## WHAT NEEDS TO BE DONE
The full listing is to be transcribed exactly, with each picture left out.

## SOURCE MATERIAL
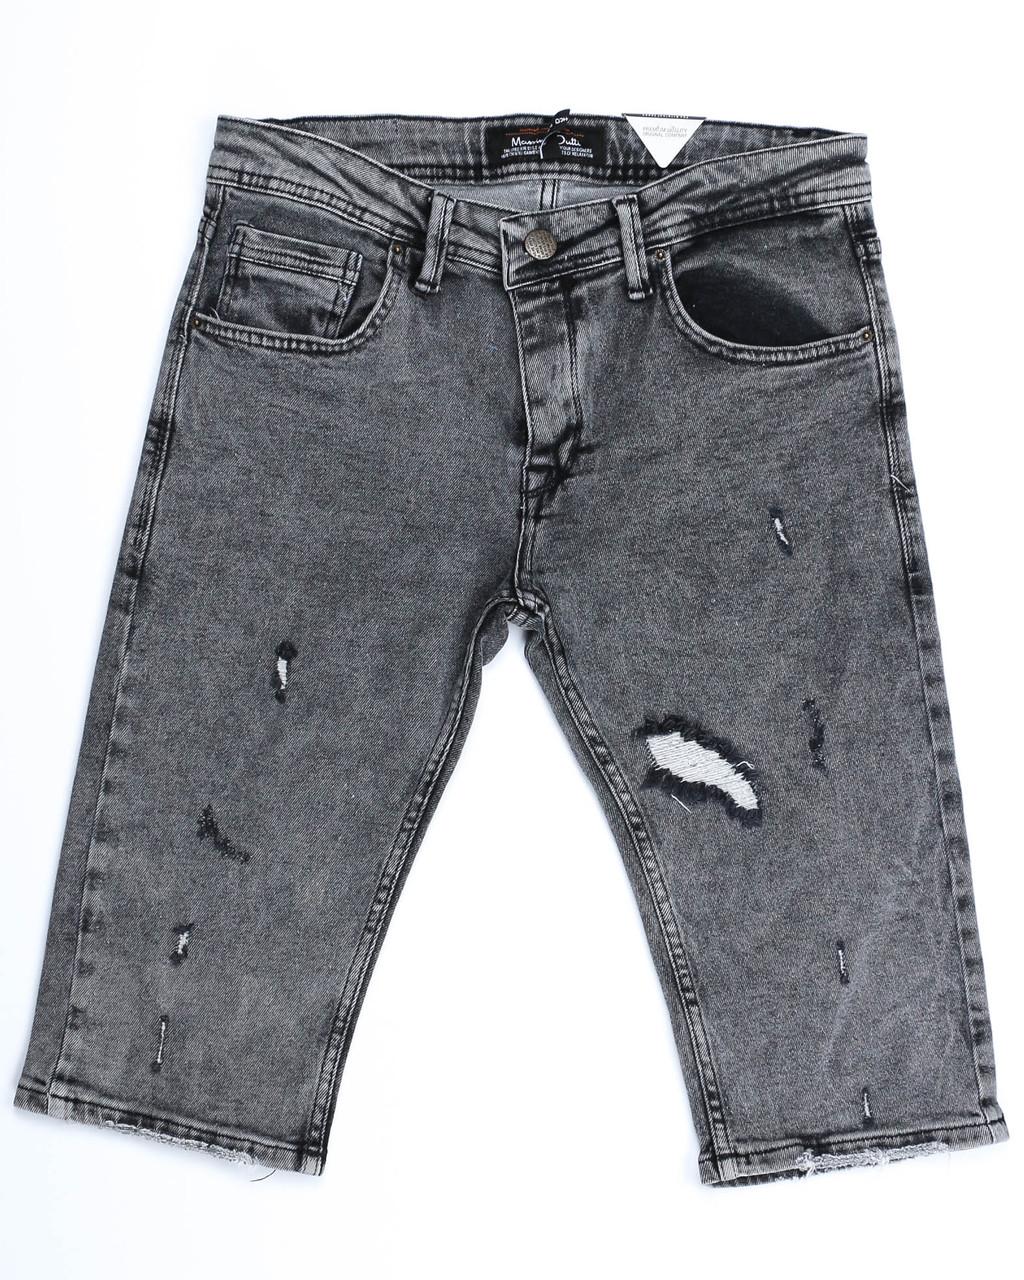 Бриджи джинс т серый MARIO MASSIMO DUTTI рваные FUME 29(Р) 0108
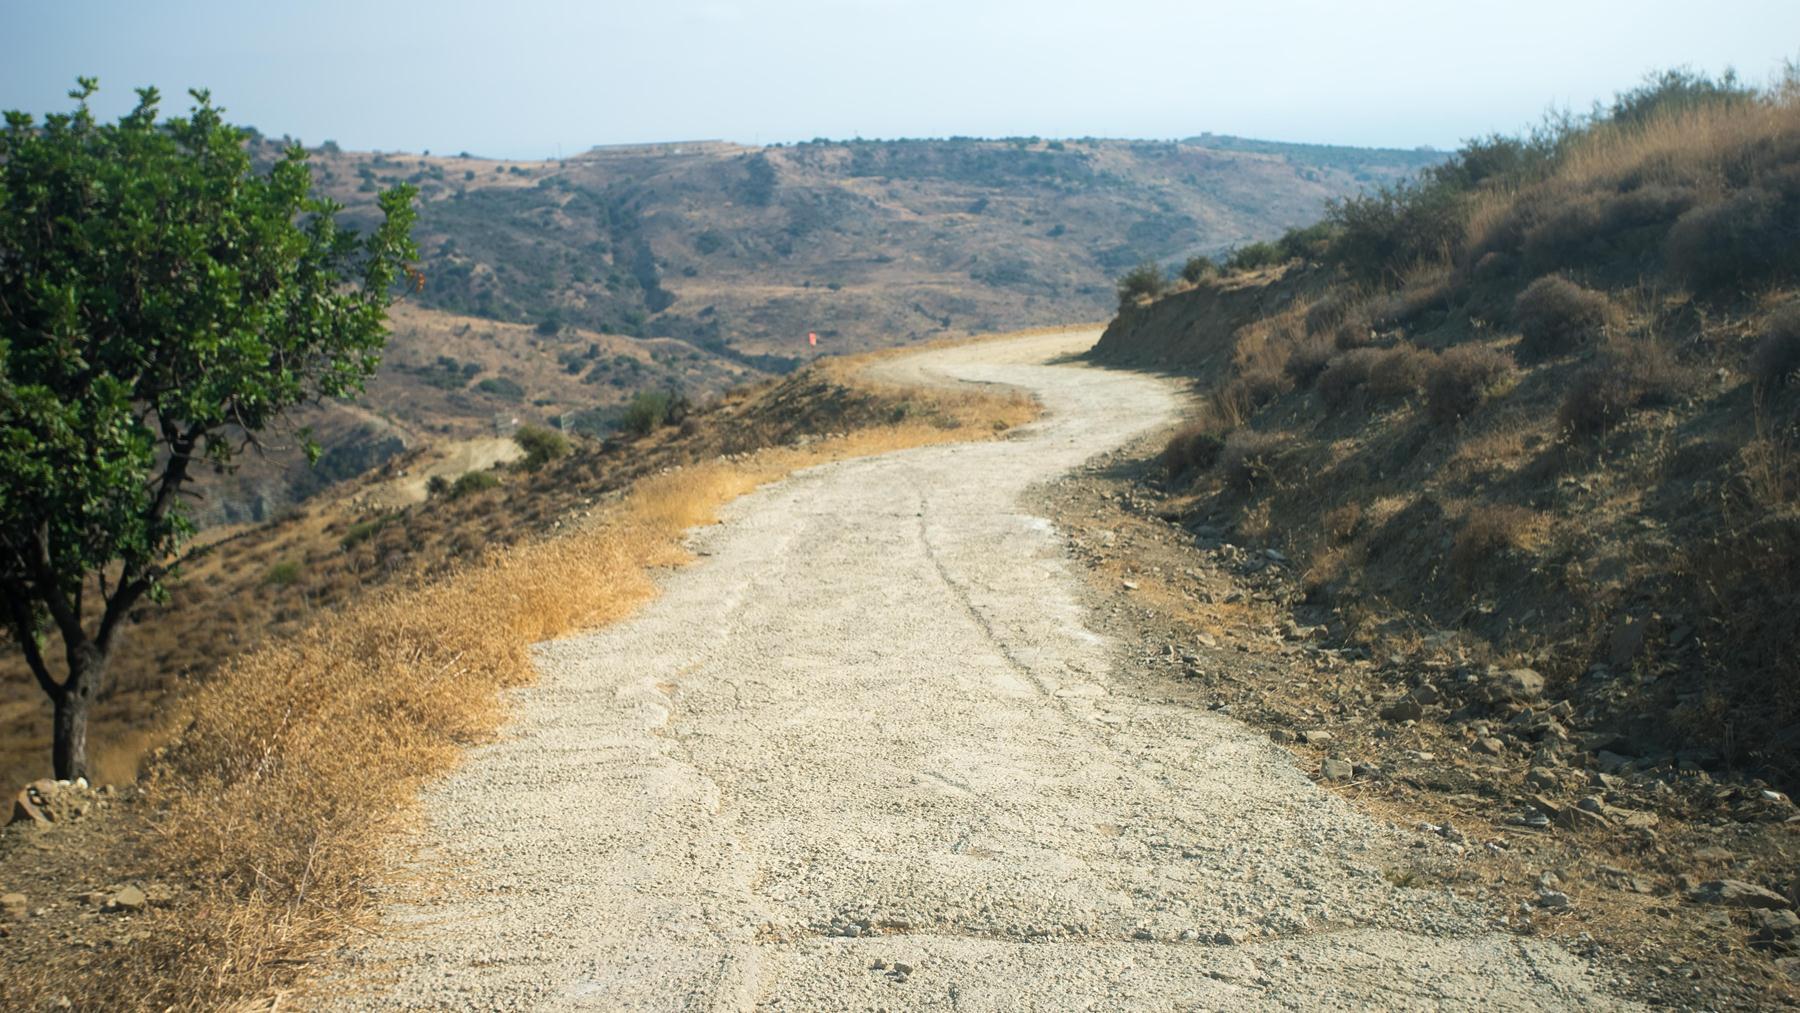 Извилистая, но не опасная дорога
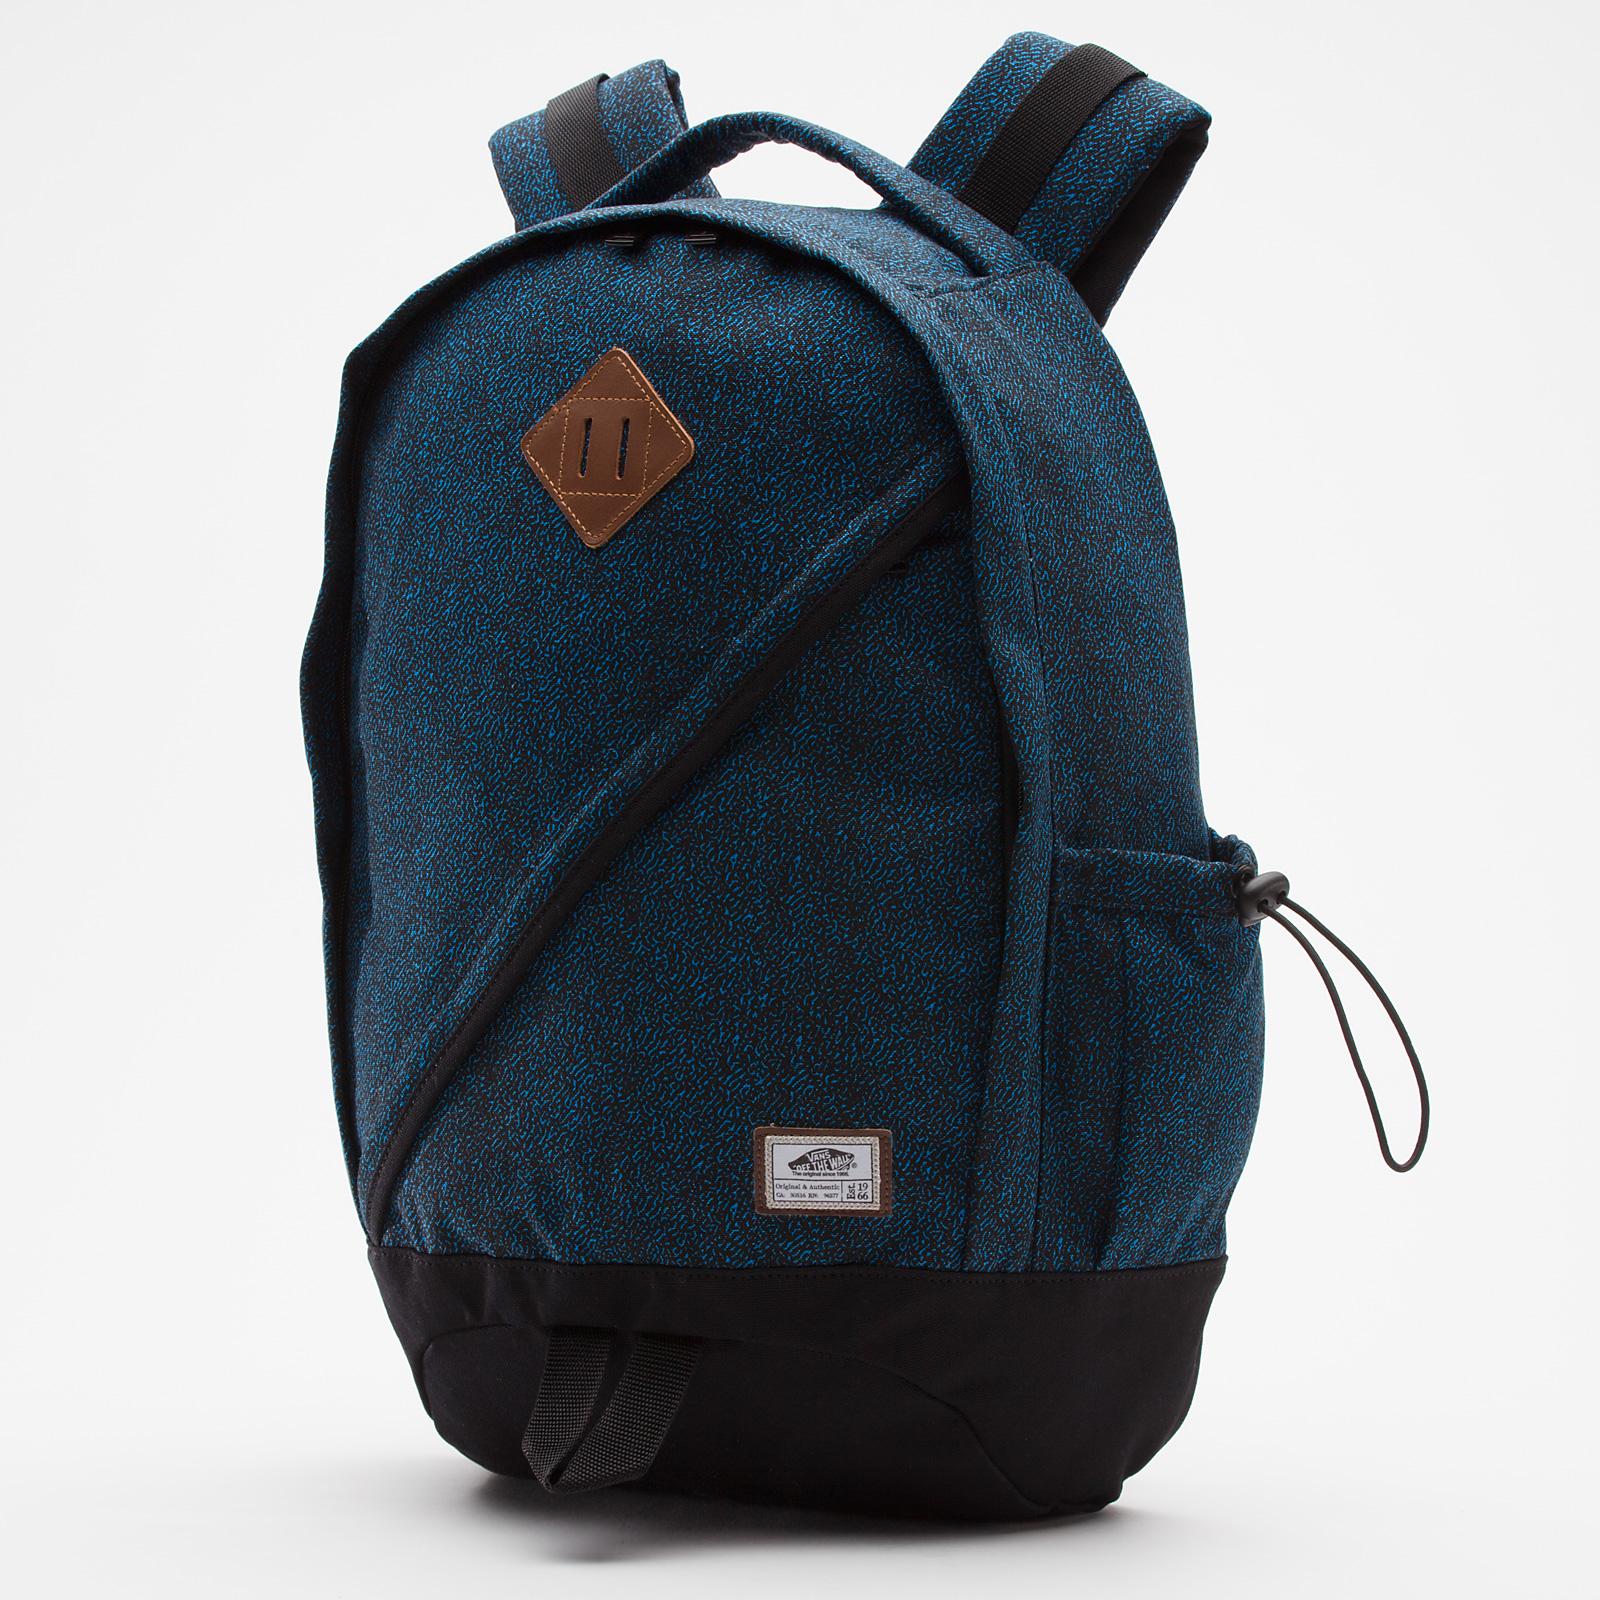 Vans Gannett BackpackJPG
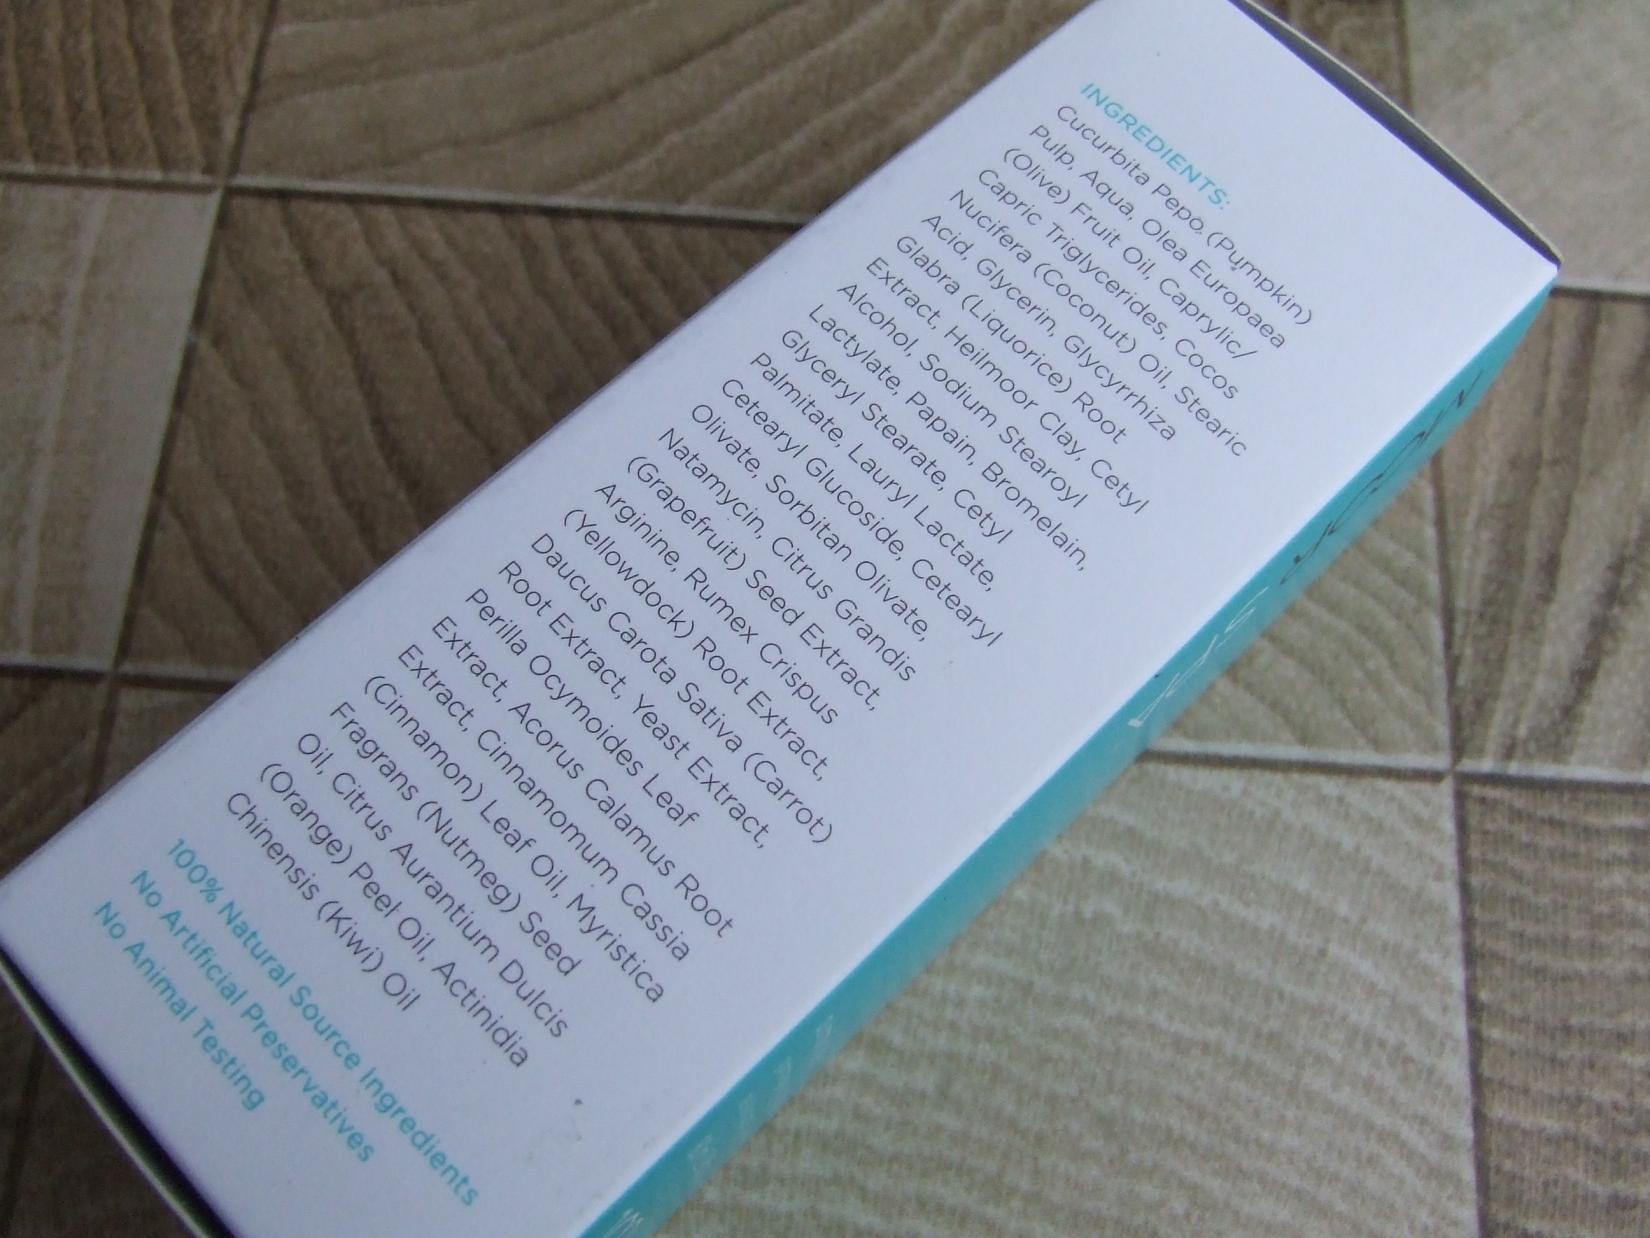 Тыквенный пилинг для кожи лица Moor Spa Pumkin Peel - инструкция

## WRITTEN SOLUTION
 Бриджи джинс т серый MARIO MASSIMO DUTTI рваные FUME 29(Р) 0108
 Извилистая, но не опасная дорога
 Vans Gannett BackpackJPG
 Тыквенный пилинг для кожи лица Moor Spa Pumkin Peel - инструкция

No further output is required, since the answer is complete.